• [HOW TO COMPLETE THIS TASK]
Everything from the line that has "Corvus corax - Common" to the last line of the listing must be repeated exactly, and nothing more; omit the pictures.

• [MATERIAL PROVIDED]
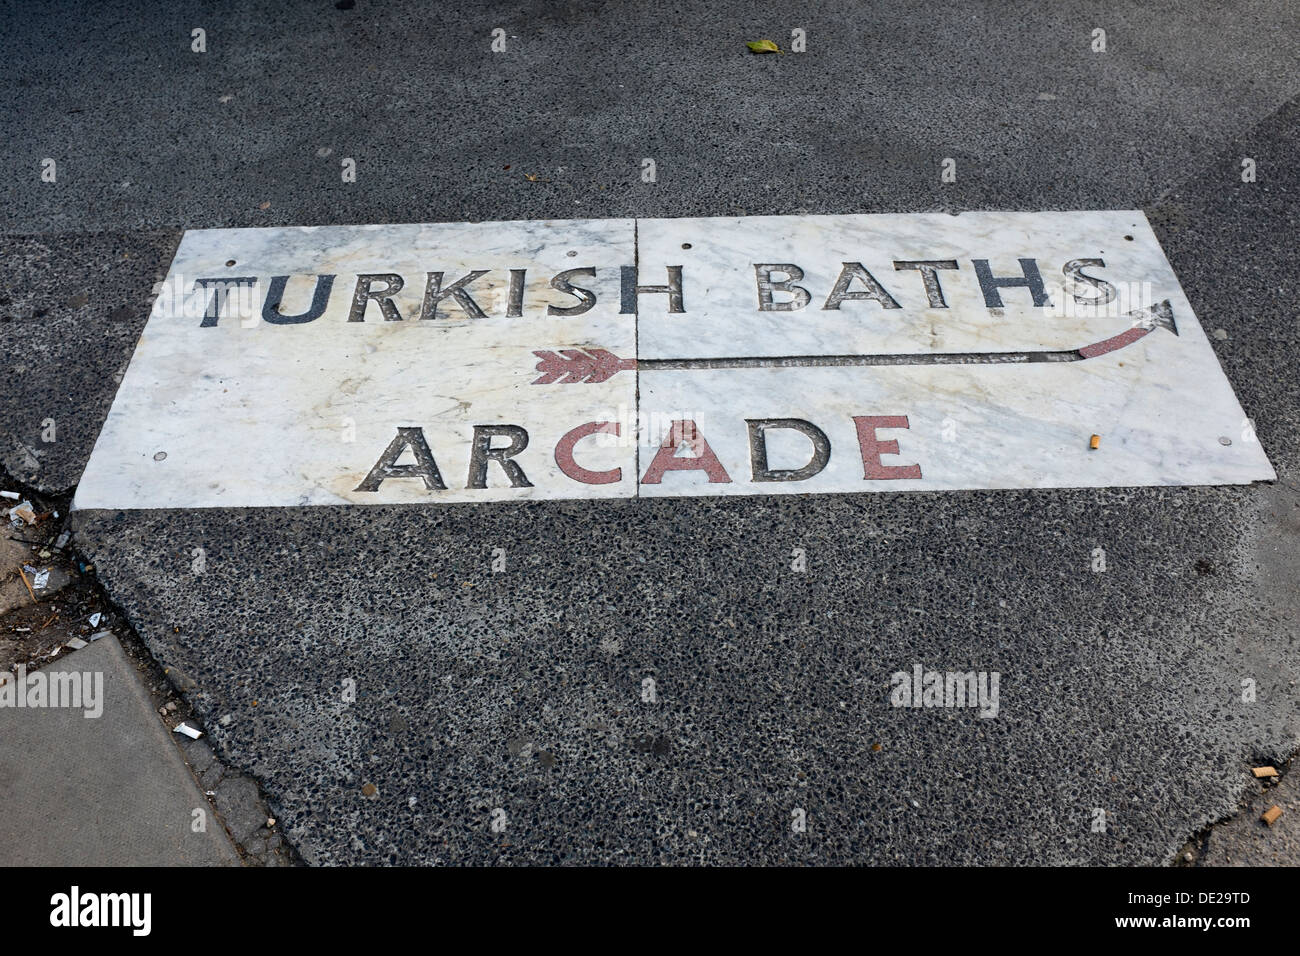 Türkische Bäder Arcade Steet Plasterung Zeichen Southampton Row London Stockfoto
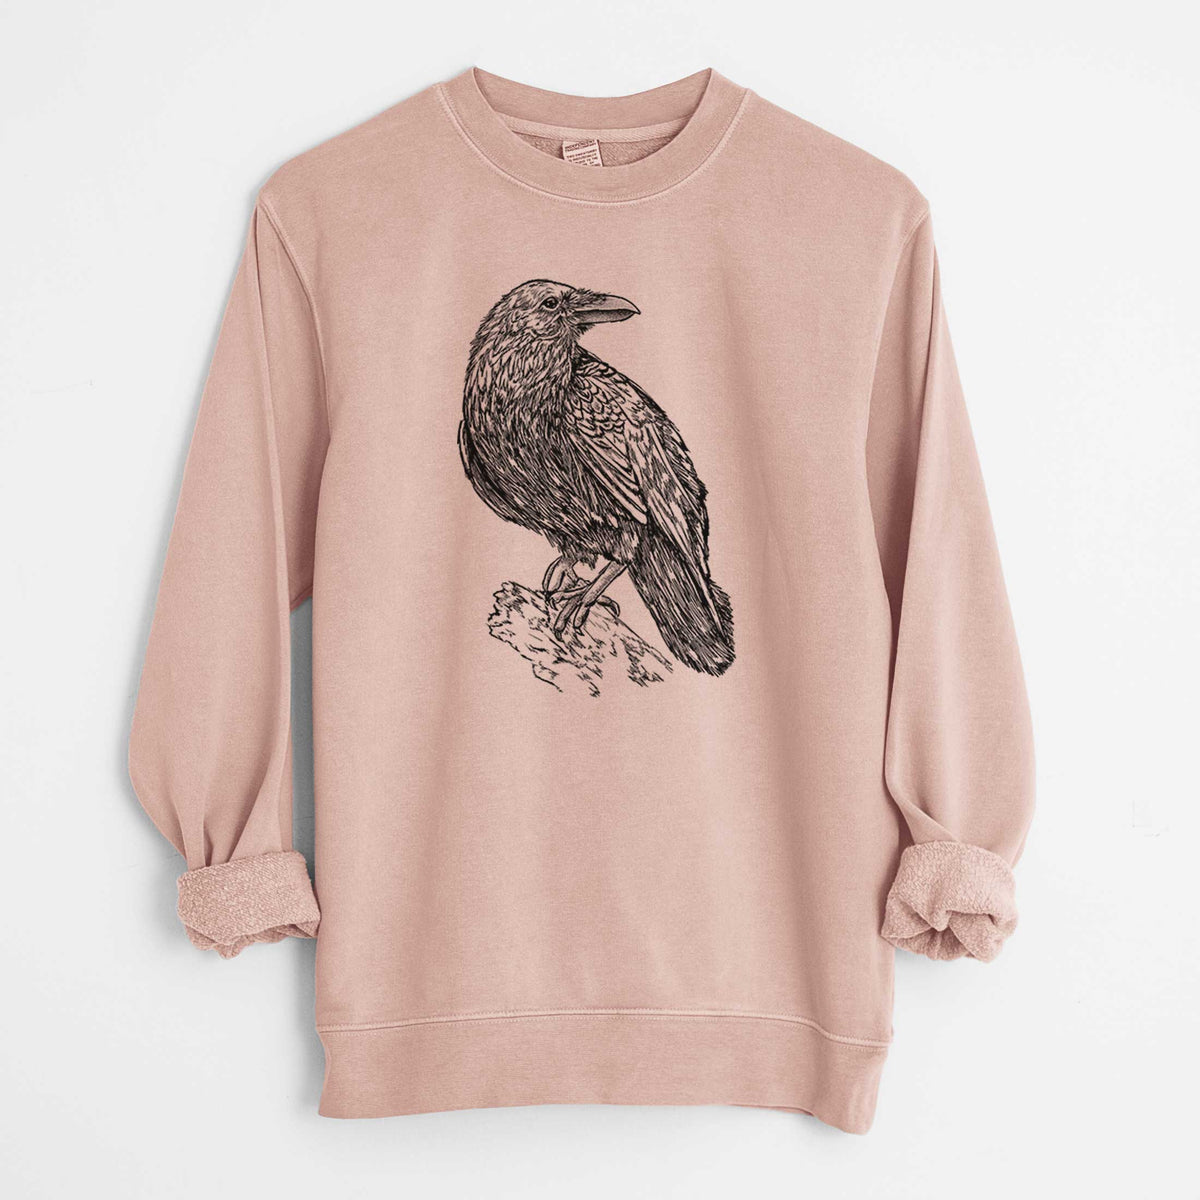 Corvus corax - Common Raven - Unisex Pigment Dyed Crew Sweatshirt
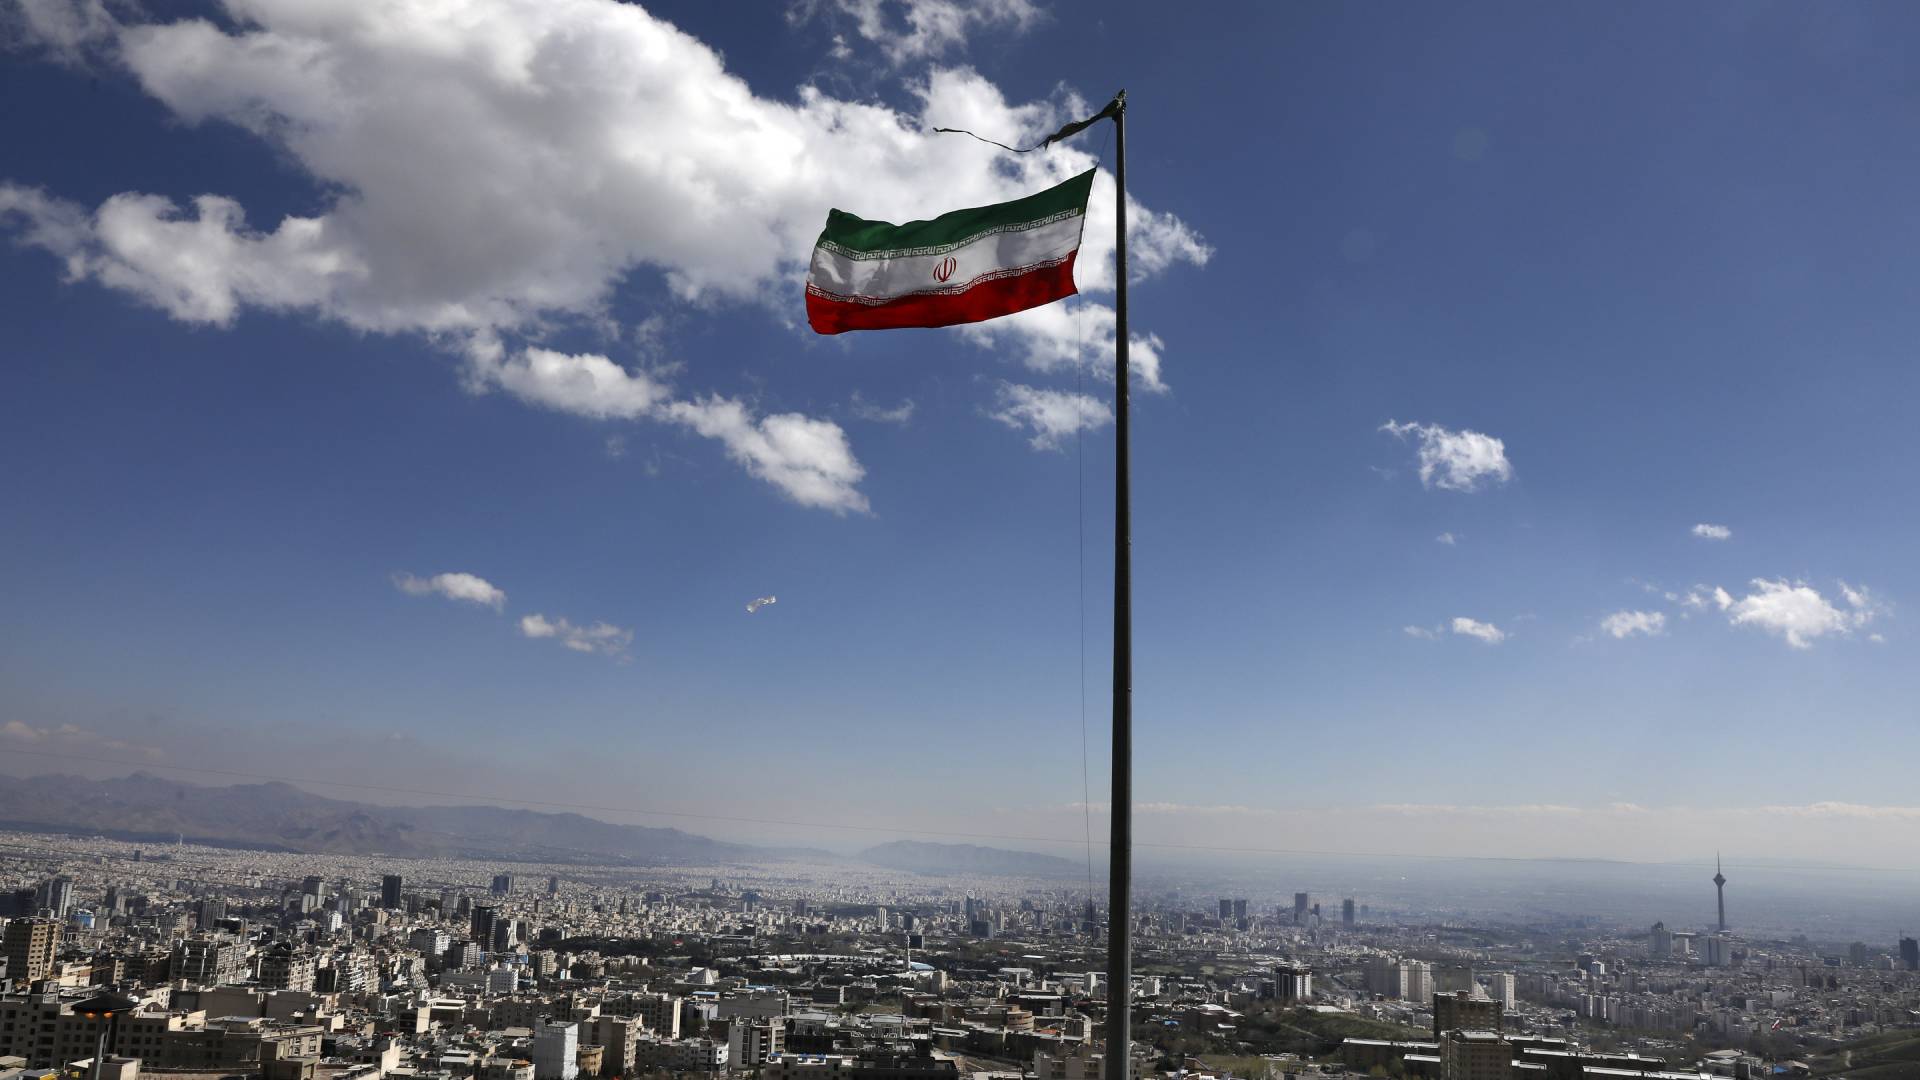 Τζο Μπάιντεν για επίθεση στην Ιορδανία: «Αποφάσισα τα αντίποινα, όχι σε γενικευμένο πόλεμο με το Ιράν»

• [EXERCISE OUTPUT]
 Corvus corax - Common Raven - Unisex Pigment Dyed Crew Sweatshirt
 Τζο Μπάιντεν για επίθεση στην Ιορδανία: «Αποφάσισα τα αντίποινα, όχι σε γενικευμένο πόλεμο με το Ιράν»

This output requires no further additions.